- _EXERCISE AIM_:
Using the listing below, retype exactly the lines starting at the one with "Black mini doodle" and ending at the one with "Drive Medical Suction", and include both.

- _DATA PROVIDED_:
-.-.-

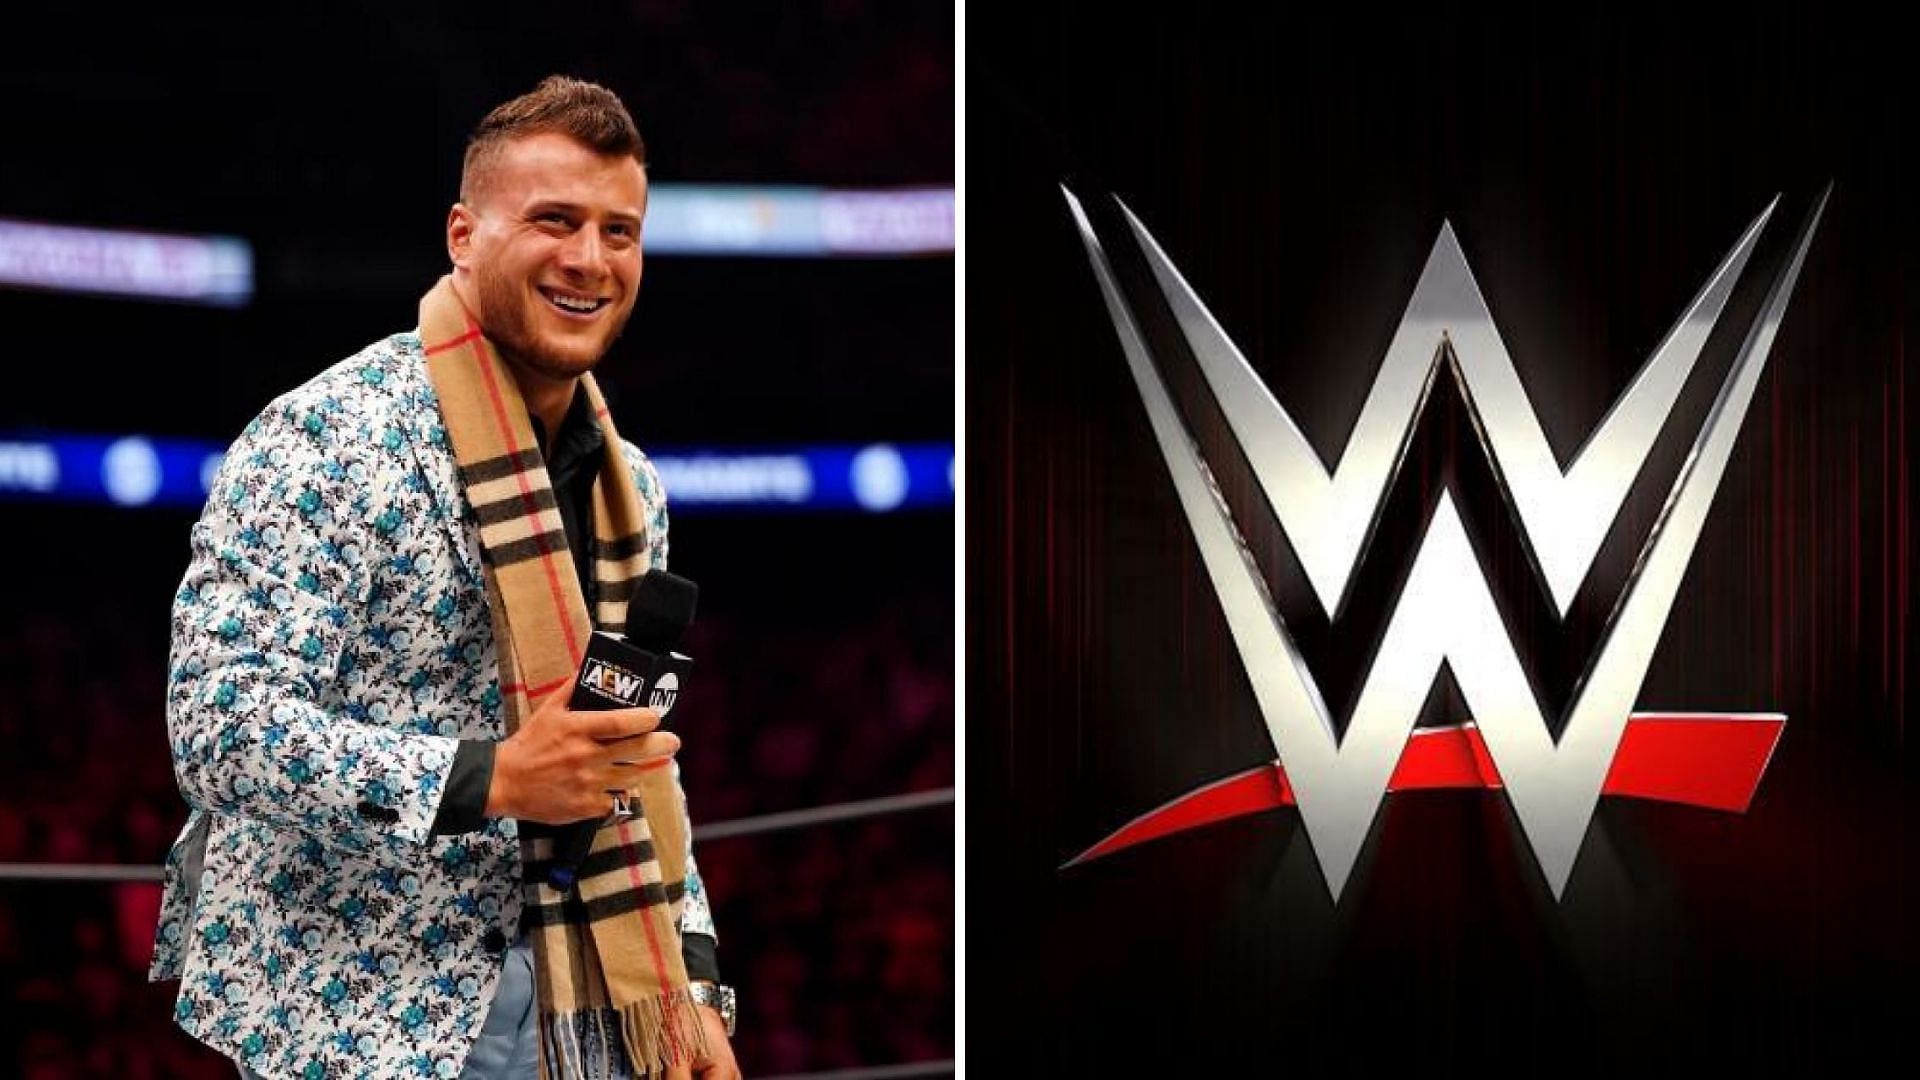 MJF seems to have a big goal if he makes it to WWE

-.-.-

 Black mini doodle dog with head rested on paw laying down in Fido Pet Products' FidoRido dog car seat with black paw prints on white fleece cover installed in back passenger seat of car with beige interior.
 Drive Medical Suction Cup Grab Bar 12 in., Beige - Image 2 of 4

-.-.-

- _ANSWER SECTION_:
 Black mini doodle dog with head rested on paw laying down in Fido Pet Products' FidoRido dog car seat with black paw prints on white fleece cover installed in back passenger seat of car with beige interior.
 Drive Medical Suction Cup Grab Bar 12 in., Beige - Image 2 of 4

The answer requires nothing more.